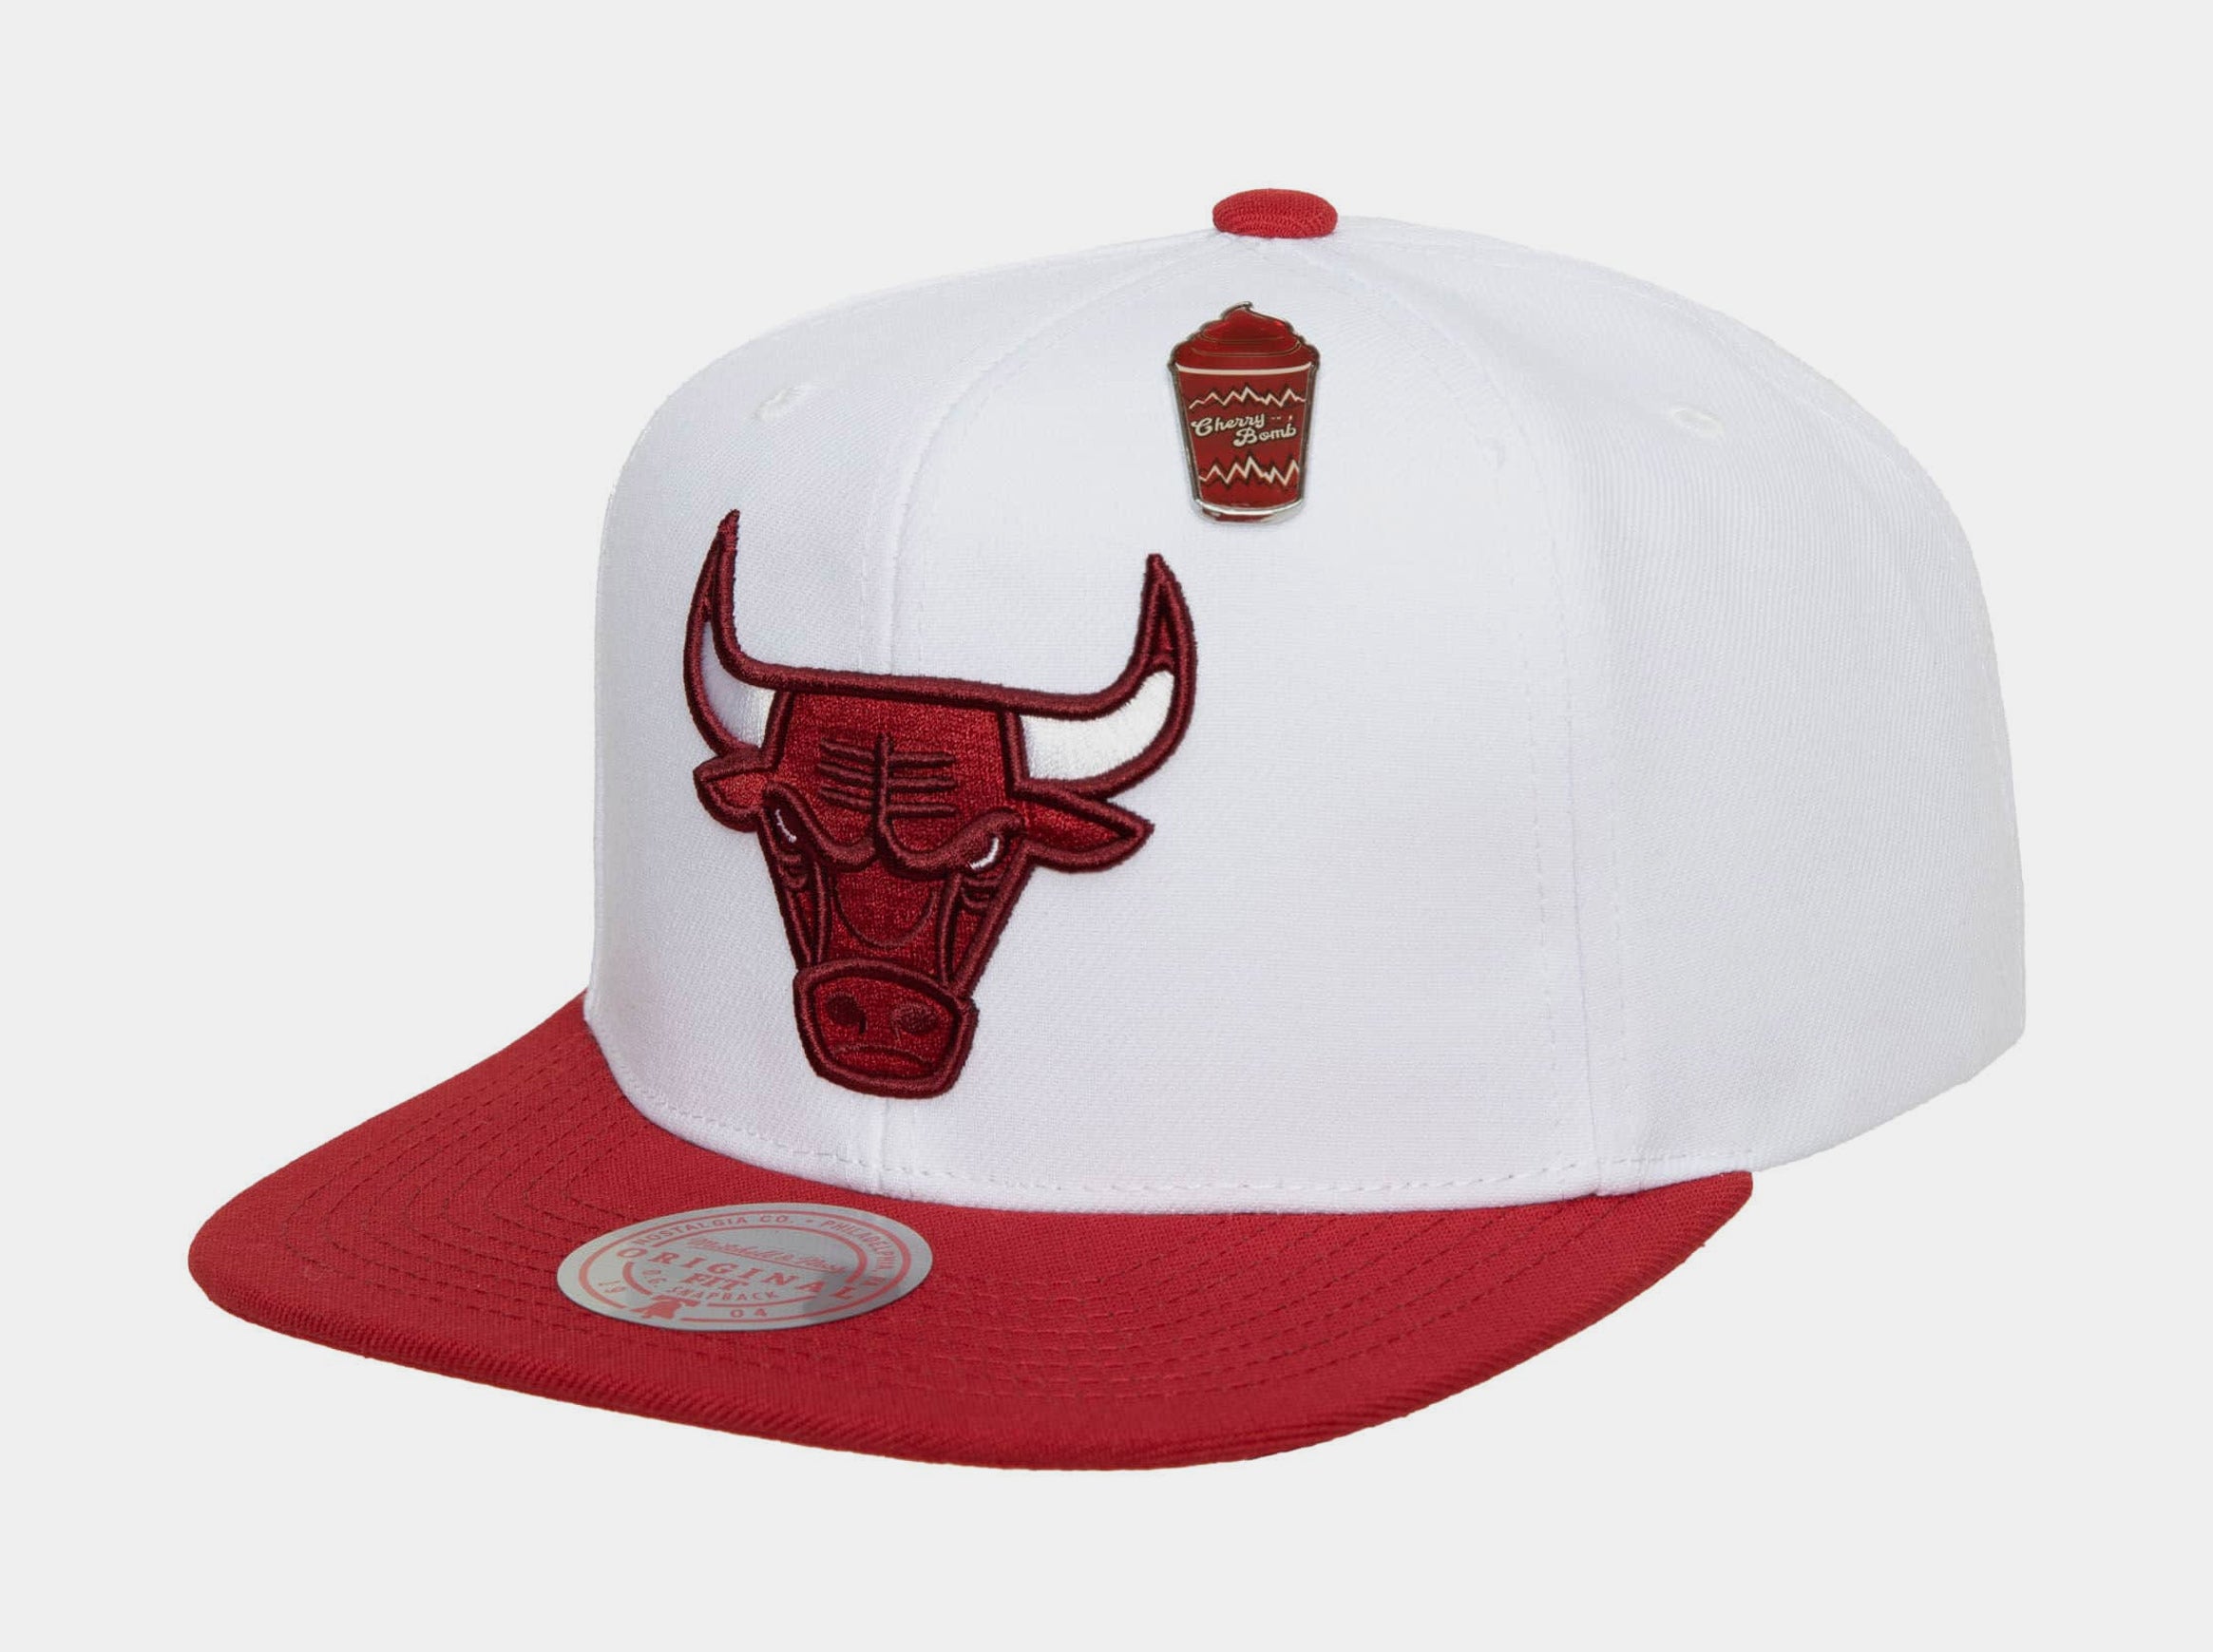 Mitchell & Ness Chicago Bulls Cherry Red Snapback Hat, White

○ ○ ○ ○ ○

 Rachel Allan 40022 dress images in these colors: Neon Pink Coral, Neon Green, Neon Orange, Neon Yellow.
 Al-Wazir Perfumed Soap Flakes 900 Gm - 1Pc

○ ○ ○ ○ ○

▸ WHAT NEEDS TO BE DONE
Reprint exactly the lines above that start at the one with "Rachel Allan 40022" and end at the one with "Al-Wazir Perfumed Soap Flakes 900 Gm - 1Pc", keeping both and adding none.

▸ ANSWER FOR THE TASK
 Rachel Allan 40022 dress images in these colors: Neon Pink Coral, Neon Green, Neon Orange, Neon Yellow.
 Al-Wazir Perfumed Soap Flakes 900 Gm - 1Pc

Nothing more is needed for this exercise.